# Garbage Can Hauler



## Ziggythewiz (May 16, 2010)

Salty9 said:


> All I had to do was modify 2 straps to hold the garbage can. I almost cried. DIY is not supposed to this easy. Where's the challenge?


You could also work on your lap time.


----------



## PStechPaul (May 1, 2012)

This would be a perfect application for a remote-controlled or autonomous system, and possibly even made to run on tracks. If the cans are going downhill heavy, and returning light, it may be possible to achieve "over unity" by using regen and the net change of potential energy. Of course the energy was originally imparted to the trash when it was moved uphill. I was considering something like this for bringing firewood down to my house from a hilltop out back.


----------



## onegreenev (May 18, 2012)

Salty9 said:


> One of my weekly chores is trundling a garbage can down a long driveway for roadside pickup. I had been in the planning stages for a transit vehicle quite awhile. A couple of weeks ago I found this at a garage sale:
> 
> http://www.clubrunnergolf.com/
> 
> ...


Needs to be able to pickup the can, load it, haul it to a designated spot, drop it off without dumping it over and then return unassisted and then to go back and retrieve the can and again place it in a designated spot and unload then go to the designated charging spot and charge and shut down until the next week. It would need to remain on standby for the computer but not on the charger. The charger best used for an item like this would be an induction charger so the unit would not have to unplug and plug itself in when needed. 

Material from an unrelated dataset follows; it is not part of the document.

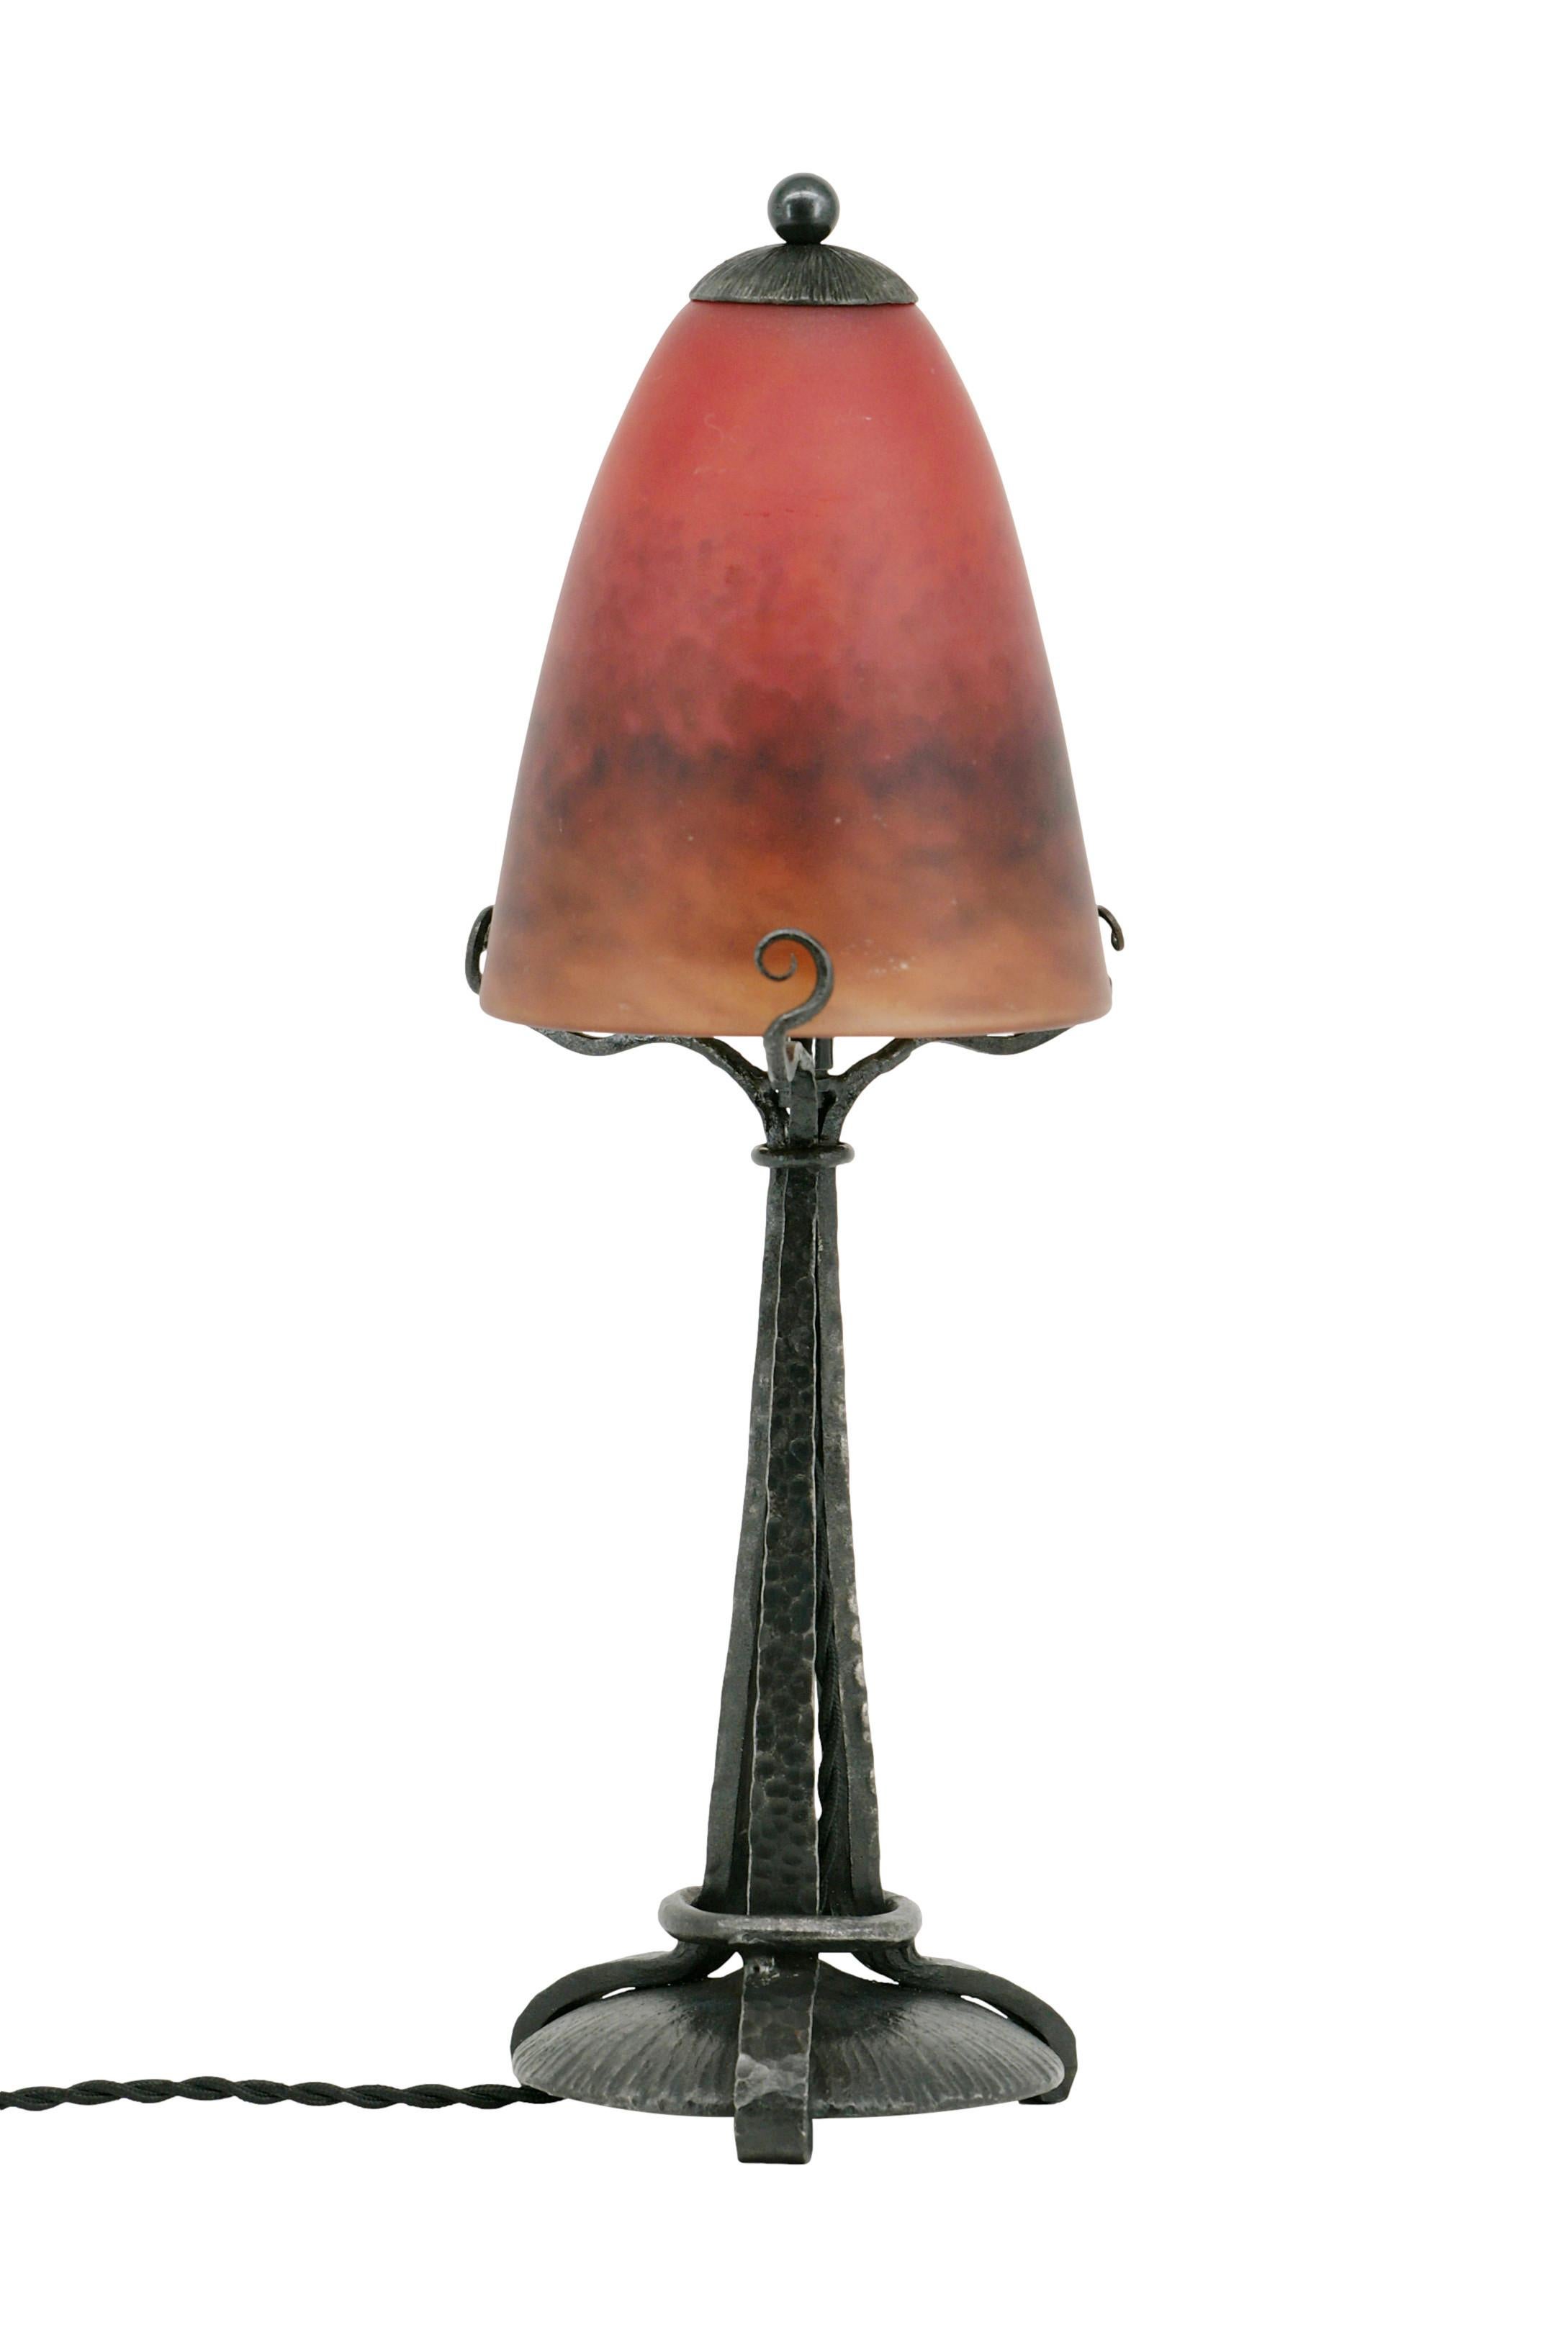 Lampe de table Art Déco française par Charles Schneider, Epinay-sur-Seine (Paris), 1924-1928. Abat-jour en verre tacheté, des poudres sont appliquées entre deux couches qui vient sur son élégante fixation en fer forgé. Hauteur : 39,5 cm, diamètre

Lots of work ahead. Great DIY project. Might consider just building from scratch.


----------



## Salty9 (Jul 13, 2009)

onegreenev said:


> Needs to be able to pickup the can, load it, haul it to a designated spot, drop it off without dumping it over and then return unassisted and then to go back and retrieve the can and again place it in a designated spot and unload then go to the designated charging spot and charge and shut down until the next week. It would need to remain on standby for the computer but not on the charger. The charger best used for an item like this would be an induction charger so the unit would not have to unplug and plug itself in when needed.
> 
> Lots of work ahead. Great DIY project. Might consider just building from scratch.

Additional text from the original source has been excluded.